• [Data excerpts]
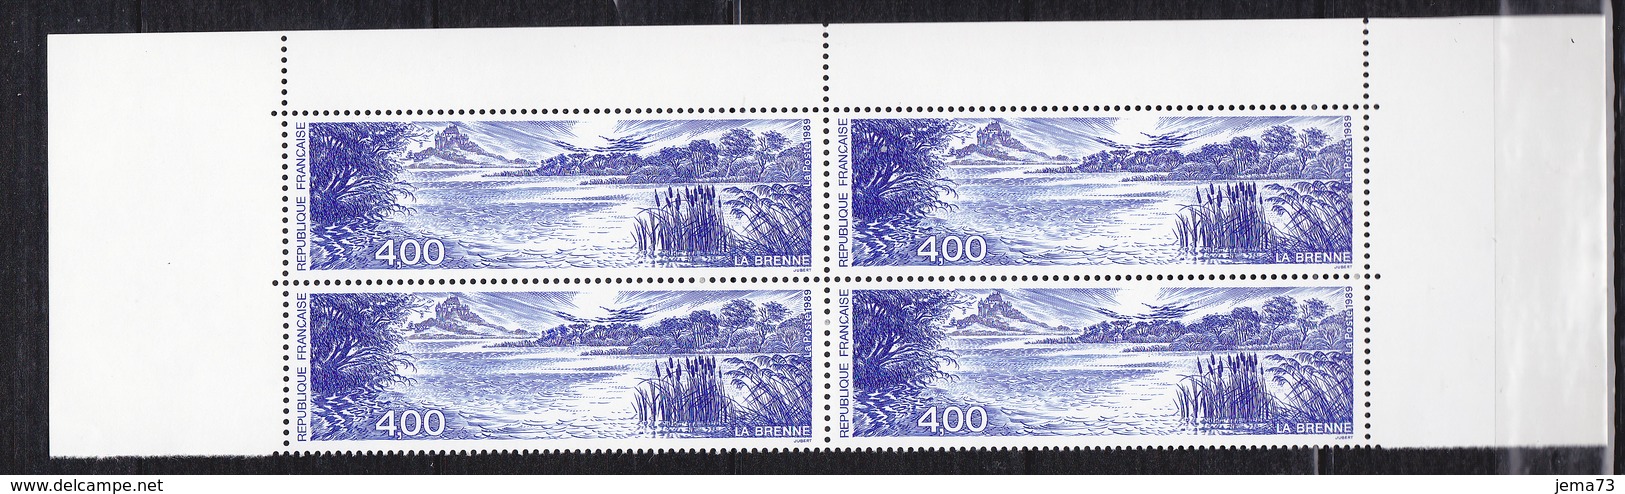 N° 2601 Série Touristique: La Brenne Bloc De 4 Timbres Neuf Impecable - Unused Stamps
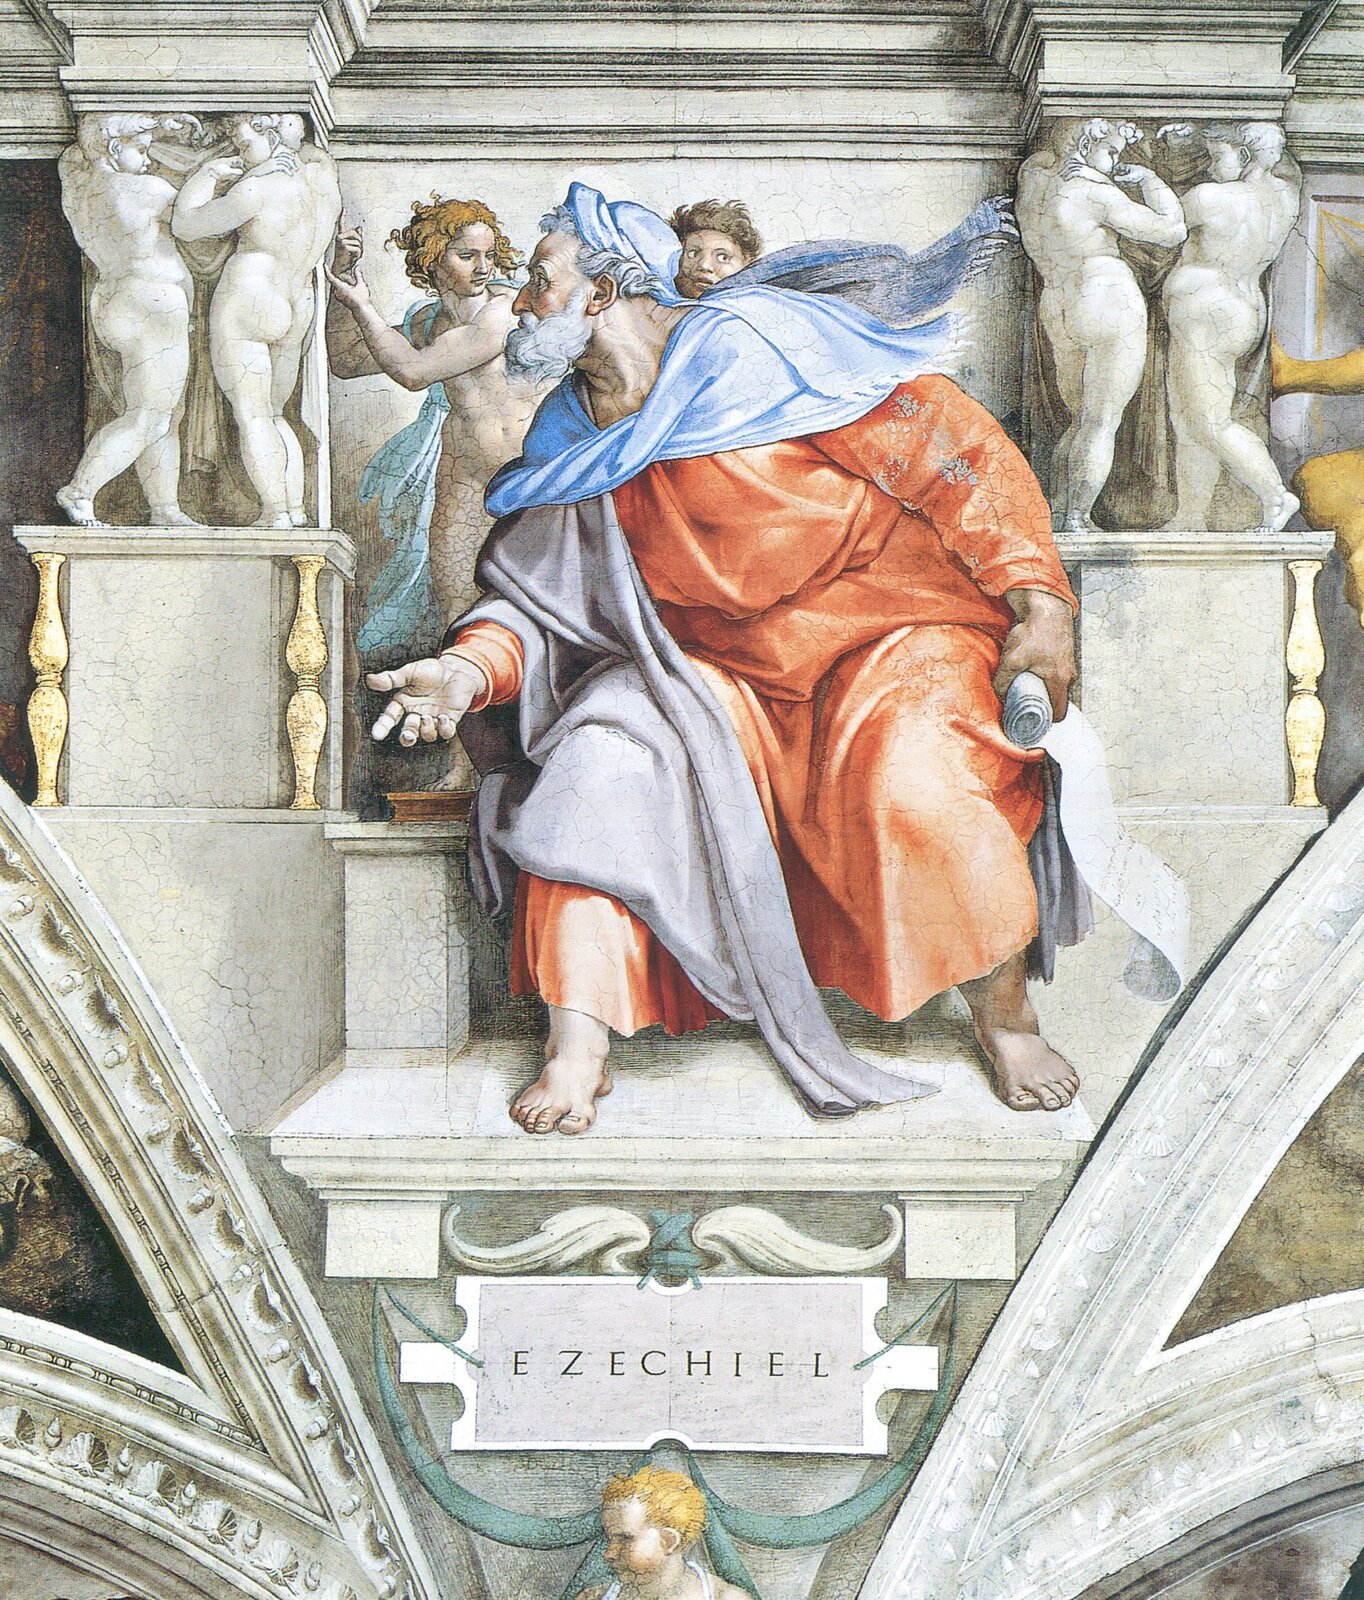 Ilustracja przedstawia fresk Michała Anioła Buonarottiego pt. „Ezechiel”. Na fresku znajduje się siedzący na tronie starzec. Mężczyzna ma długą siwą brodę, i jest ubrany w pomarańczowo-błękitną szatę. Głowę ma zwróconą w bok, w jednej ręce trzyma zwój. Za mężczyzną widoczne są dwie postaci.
==
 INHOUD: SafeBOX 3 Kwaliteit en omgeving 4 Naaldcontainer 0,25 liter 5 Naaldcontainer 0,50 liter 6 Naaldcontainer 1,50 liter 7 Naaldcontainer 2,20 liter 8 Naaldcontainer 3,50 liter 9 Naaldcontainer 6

• [Aim of the exercise]
Up in the listing, locate the line with "N° 2601 Série"; print it and every line after it down to the line with "Ilustracja przedstawia fresk", which is included too. Skip the pictures.

• [Solution to the problem]
 N° 2601 Série Touristique: La Brenne Bloc De 4 Timbres Neuf Impecable - Unused Stamps
 Ilustracja przedstawia fresk Michała Anioła Buonarottiego pt. „Ezechiel”. Na fresku znajduje się siedzący na tronie starzec. Mężczyzna ma długą siwą brodę, i jest ubrany w pomarańczowo-błękitną szatę. Głowę ma zwróconą w bok, w jednej ręce trzyma zwój. Za mężczyzną widoczne są dwie postaci.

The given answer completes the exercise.